Braose had been given extensive lands in Sussex by 1073. He became feudal baron of the Rape of Bramber where he built Bramber Castle. Braose was also awarded lands around Wareham and Corfe in Dorset, two manors in Surrey, Southcote in Berkshire and Downton in Wiltshire. He became one of the most powerful of the new feudal barons of the early Norman era.

He continued to bear arms alongside King William in campaigns in England, and Normandy and Maine in France.

He was a pious man and made considerable grants to the Abbey of Saint Florent, in Saumur, Normandy, and endowed the foundation of priories at Sele near Bramber and at Briouze.

He was soon occupying a new Norman castle at Bramber, guarding the strategically important harbor at Steyning. He began a vigorous boundary dispute and power struggle with the monks of Fécamp Abbey in Normandy to whom William the Conqueror had granted Steyning.

== Land disputes==
Braose built a bridge at Bramber and demanded tolls from ships travelling further along the river to the busy port at Steyning. The monks challenged this, and they also disputed Braose's right to bury people in the churchyard of his new church of Saint Nicholas at Bramber, demanding the burial fees for themselves, despite the church's having been built to serve the castle and not the town. The monks then produced forged documents to defend their position and were unhappy with the failure of their claim on Hastings, which was very similar. They claimed the same freedoms and land tenure in Hastings as King Edward the Confessor had given them at Steyning. On a technicality, King William was bound to uphold all rights and freedoms held by the abbey before King Edward's death, but the monks had already been expelled ten years before that. William wanted to hold Hastings for himself for strategic reasons, and he ignored the problem until 1085, when he confirmed the abbey's claims to Steyning but compensated it for its claims at Hastings with land in the manor of Bury, near Pulborough in Sussex.

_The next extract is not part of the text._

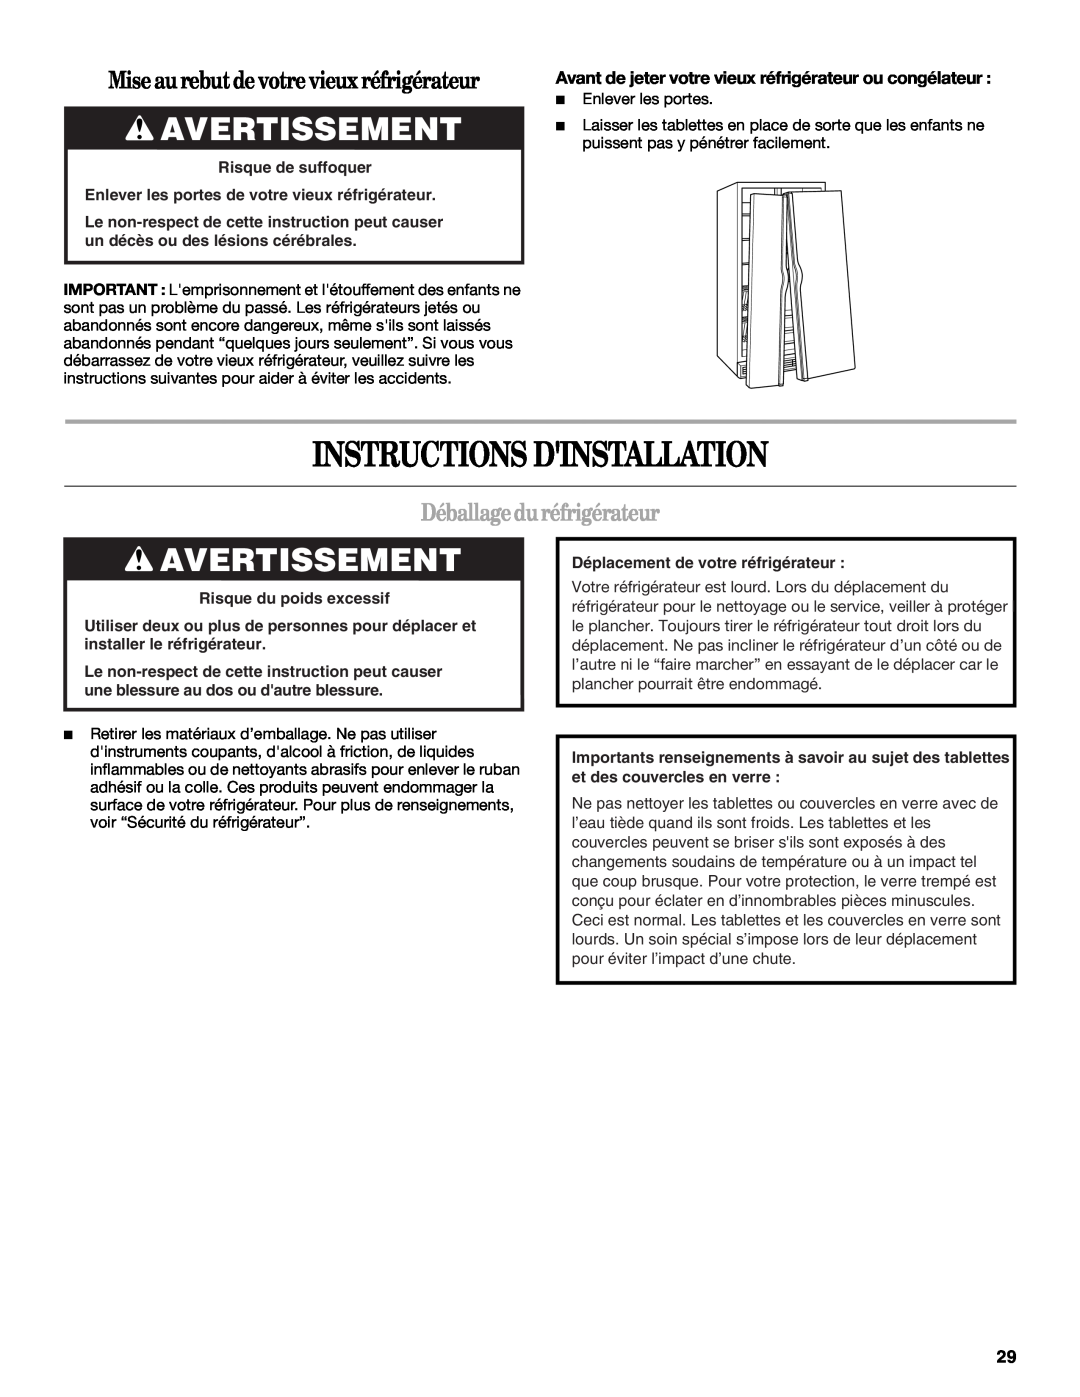 Whirlpool ED5FHAXVS Instructions Dinstallation, Avertissement, Mise au rebutde votre vieux réfrigérateur 
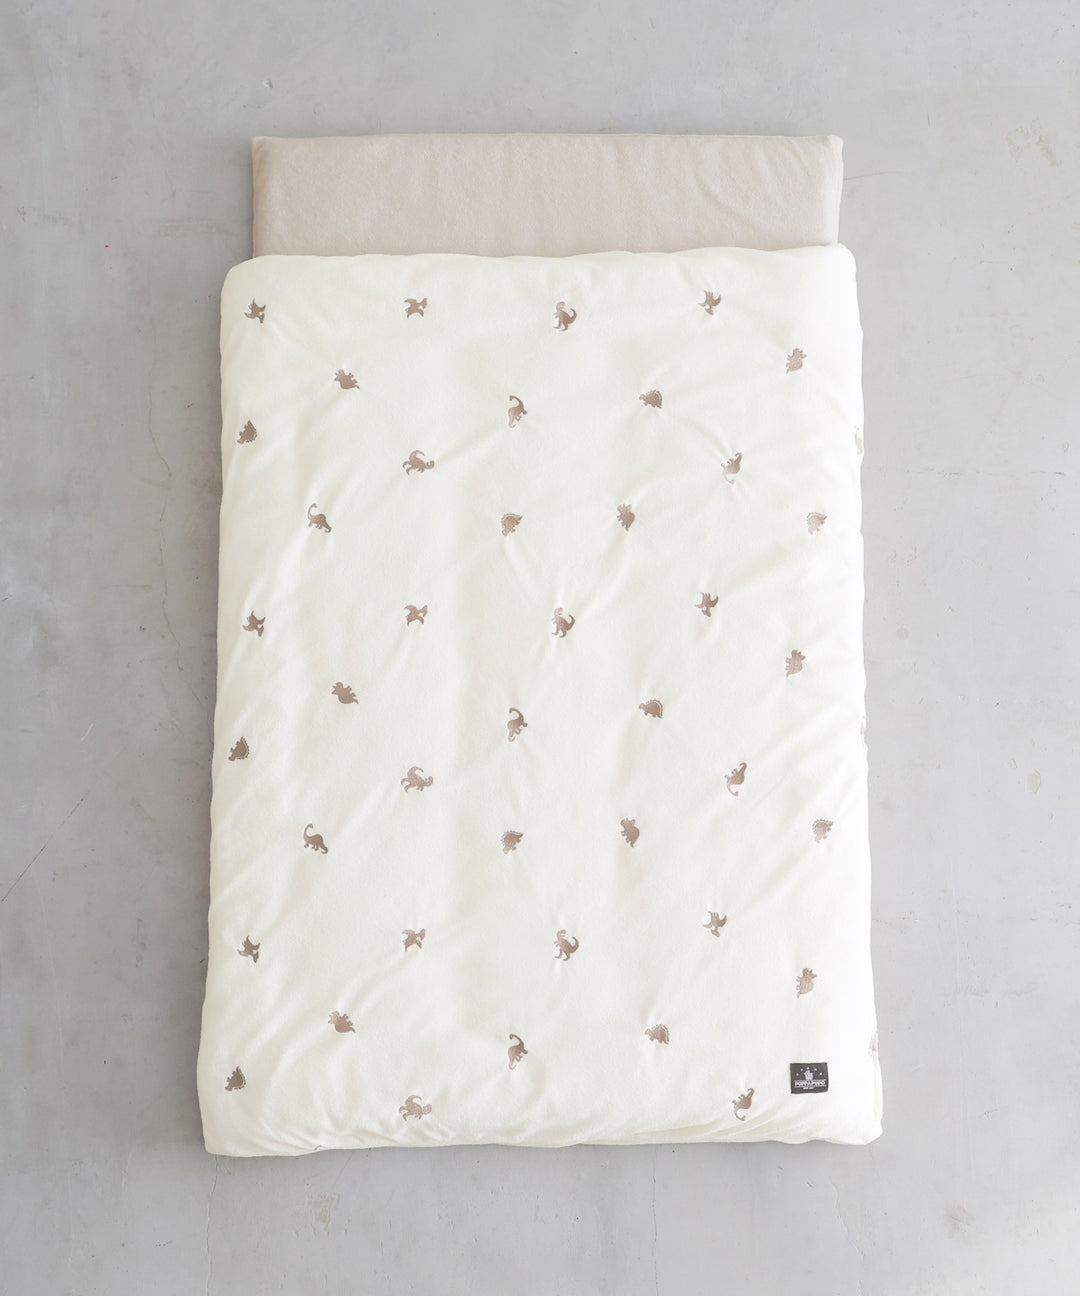 Washable nap futon set 5-pieces (Pile fabric)

In 1086, King William called his sons, barons, and bishops to court (the last time an English king presided personally, with his full court, to decide a matter of law) to settle the Steyning disputes, which took a full day. The result was a decision in favor of the abbey. William de Braose was forced to curtail his bridge tolls and give up encroachments onto the abbey's lands, including a farmed rabbit warren, a park, burgage tenements, and a channel used to fill his moat. Braose also had to organise an exhumation of all Bramber's dead, the bodies being transferred to the abbey's churchyard of Saint Cuthman in Steyning.

==Progeny==
William de Braose was succeeded as Lord of Bramber by his son, Philip de Braose, starting an important Anglo-Norman dynasty (see House of Braose).

==Death==
William de Braose was present in 1093 at the consecration of a church in Briouze, Normandy. However, his son Philip was issuing charters as Lord of Bramber in 1096, indicating that William de Braose died sometime between 1093 and 1096.